After eight years of reckless expansion of the federal workforce under Barack Obama, Donald Trump vowed to downsize the wildly growing bureaucracy of Washington. In 2016, he promised to “cut so much your head will spin. However, during the first two years of his presidency, there has been no significant effort to reduce the bloated federal payrolls. In fact, the federal government is the largest employer in the nation.

Walmart, which has a presence in communities of all shapes and sizes, is the largest private employer in the nation with 1.5 million workers. Yet the number of Americans who rely on the corporate giant for their livelihoods is dwarfed by the number who rely on the federal government for their paychecks. The federal government employs nearly 9.1 million workers, comprising nearly 6 percent of total employment in the United States. The figure includes nearly 2.1 million federal employees, 4.1 million contract employees, 1.2 million grant employees, 1.3 million active duty military personnel, and more than 500,000 postal service employees.

Many of the individuals serving our nation are high quality workers who provide necessary and worthwhile services. However, there are valid economic reasons to be concerned by the sheer size of the public sector workforce. Government employment operates separately from market forces and causes a disconnect from the economy. During downturns, many businesses have to pull back on operations or payroll, but since Washington has the power of taxation and printing dollars, there is no incentive for tightening its belt beyond vapid election year promises.

As I outlined in an opinion column earlier this year, federal workers often enjoy pay and benefits that private sector workers can only dream of. For example, they receive pay that is 17 percent higher on average than private sector employees who perform comparable work, even though they work 12 percent fewer fewer hours on average. Meanwhile, federal workers face a 0.2 percent chance of getting fired in any given year. That is more than 45 times lower than their private sector counterparts.

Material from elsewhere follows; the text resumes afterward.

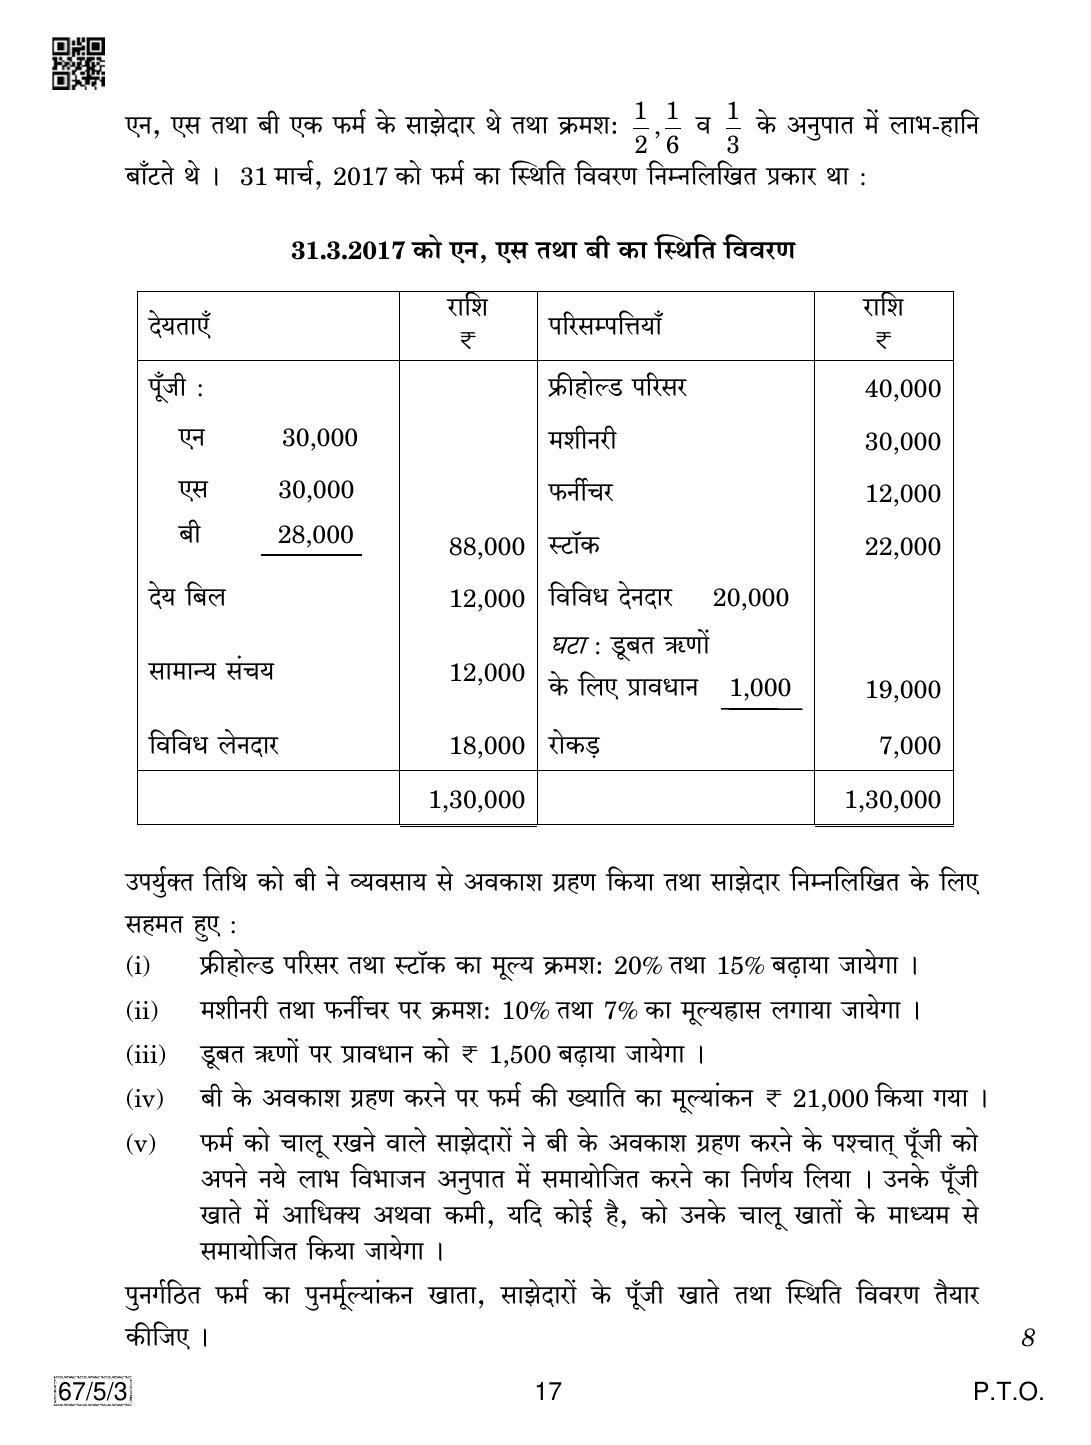 CBSE Class 12 67-5-3 Accountancy 2019 Question Paper - Page 17

While full time federal employee compensation and benefits are above market, at least these figures are relatively transparent and accountable. However, many taxpayers may not realize they are additionally subsidizing a ballooning shadow government of some 5.3 million contract and grant employees. While politicians often promise to cut the size of government, many fail to acknowledge the increasing number of contract workers.

The use of contract workers can be a dangerous means of hiding the true cost of the federal government workforce from the general public. Often contractors are used for practical reasons, like temporary projects not requiring full time employment. But in other cases, these contractors can actually come at a much steeper cost than full time federal workers.

The Pentagon found that hiring contractors was more expensive for most positions than simply using civilian employees. Contract workers are especially costly and often used during times of conflict. From 1999 to 2010, the number of contractors hired by the federal government more than doubled. When you factor in state and local governments, which together employ 7.4 million workers, the entire government workforce as a share of total employment in the nation sits at more than 18 percent.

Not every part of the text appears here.